Over the years the author has seen the following situation many-many times - some internal systems don’t integrate or don’t support some domain concepts. In such situations the void is filled by Excel spreadsheets having hundreds and sometimes thousands of rows. Many people spend hours populating and updating them, and e-mailing around the organization.

WaterGile example: System A supports Epics, Features, Stories and Tasks. System B supports Projects. Epics must me mapped to Projects with some supporting information.

Replacing such a spreadsheet with an intranet web application would provide the following advantages:

  • Access control.
  • Data validation.
  • Scheduled automated notifications and escalations.
  • Over time it may be possible to integrate some of the involved systems with the application even if they can’t be integrated with each other.

Nasdanika CDO Web Doc Bundle

org.nasdanika.cdo.web.doc is a “companion” bundle for org.nasdanika.cdo.web.

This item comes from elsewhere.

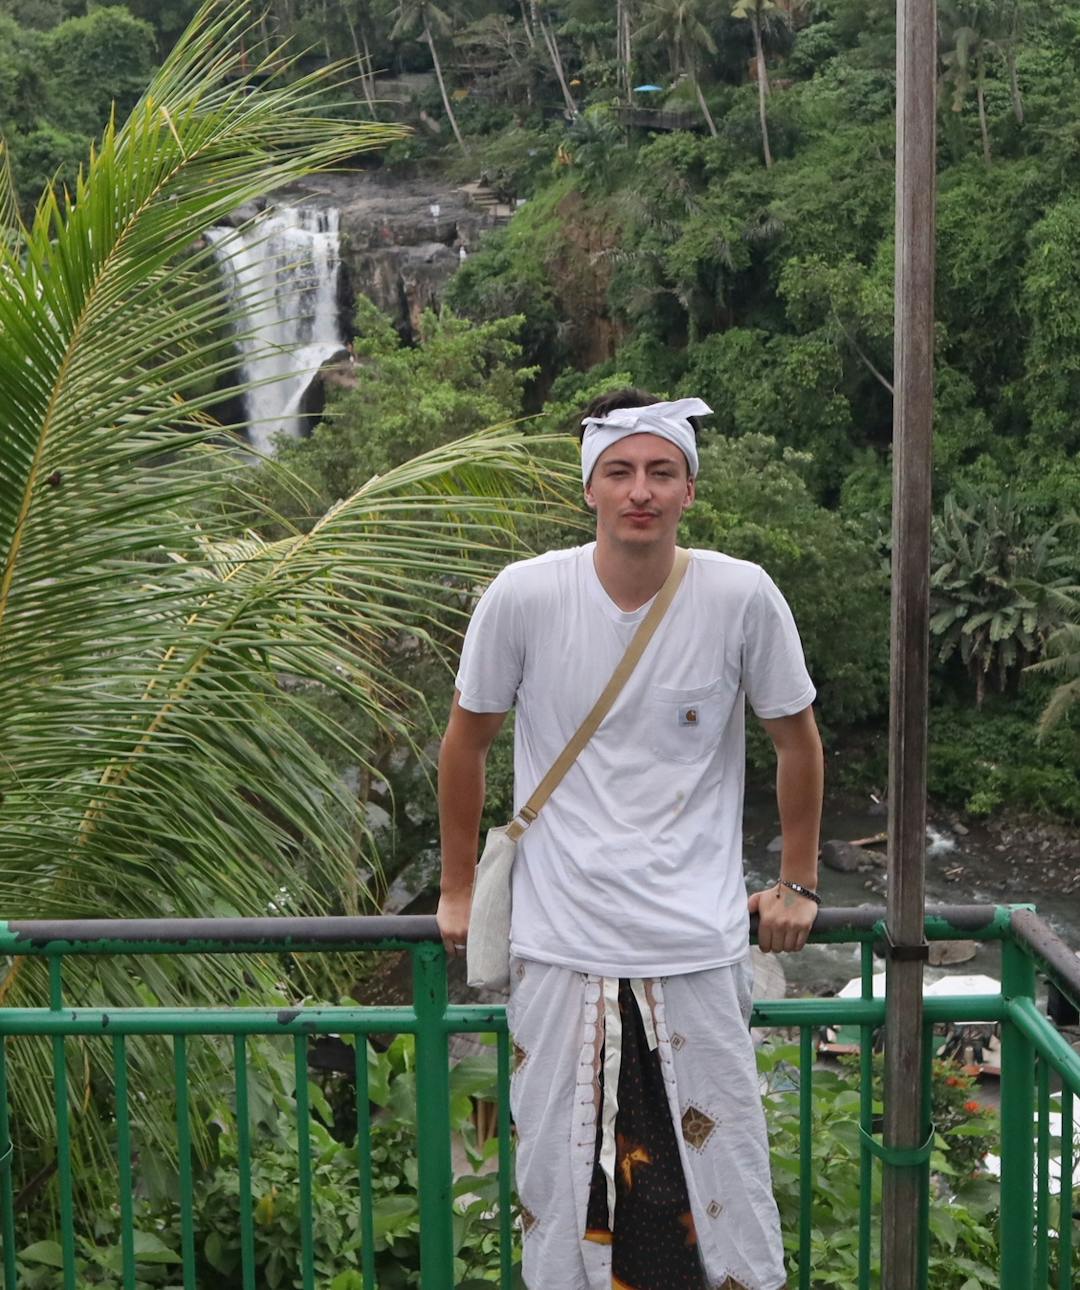 A photo from my Study Tour in Indonesia. This was taken at Tegenungan, in Bali

It provides functionality for serving integrated documentation:

  • Bundles, components and services information, including auto-generated dynamic UML diagrams. This allows to take a glimpse into the running application to better understand relationships between different application parts.
  • Models documentation, also including auto-generated dynamic UML class diagrams. Such diagrams help in understanding of relationships between model elements.
  • Hand-crafted documentation, e.g. user or developer manuals. The documentation may reference model elements and bundles/components. Also hand-crafted documentation can be “mounted” to model elements.

Models documentation is treated as markdown, the bundle provides a number of rendering, link resolution, and other plug-ins, e.g. a plug-in for generating UML diagrams with PlantUML.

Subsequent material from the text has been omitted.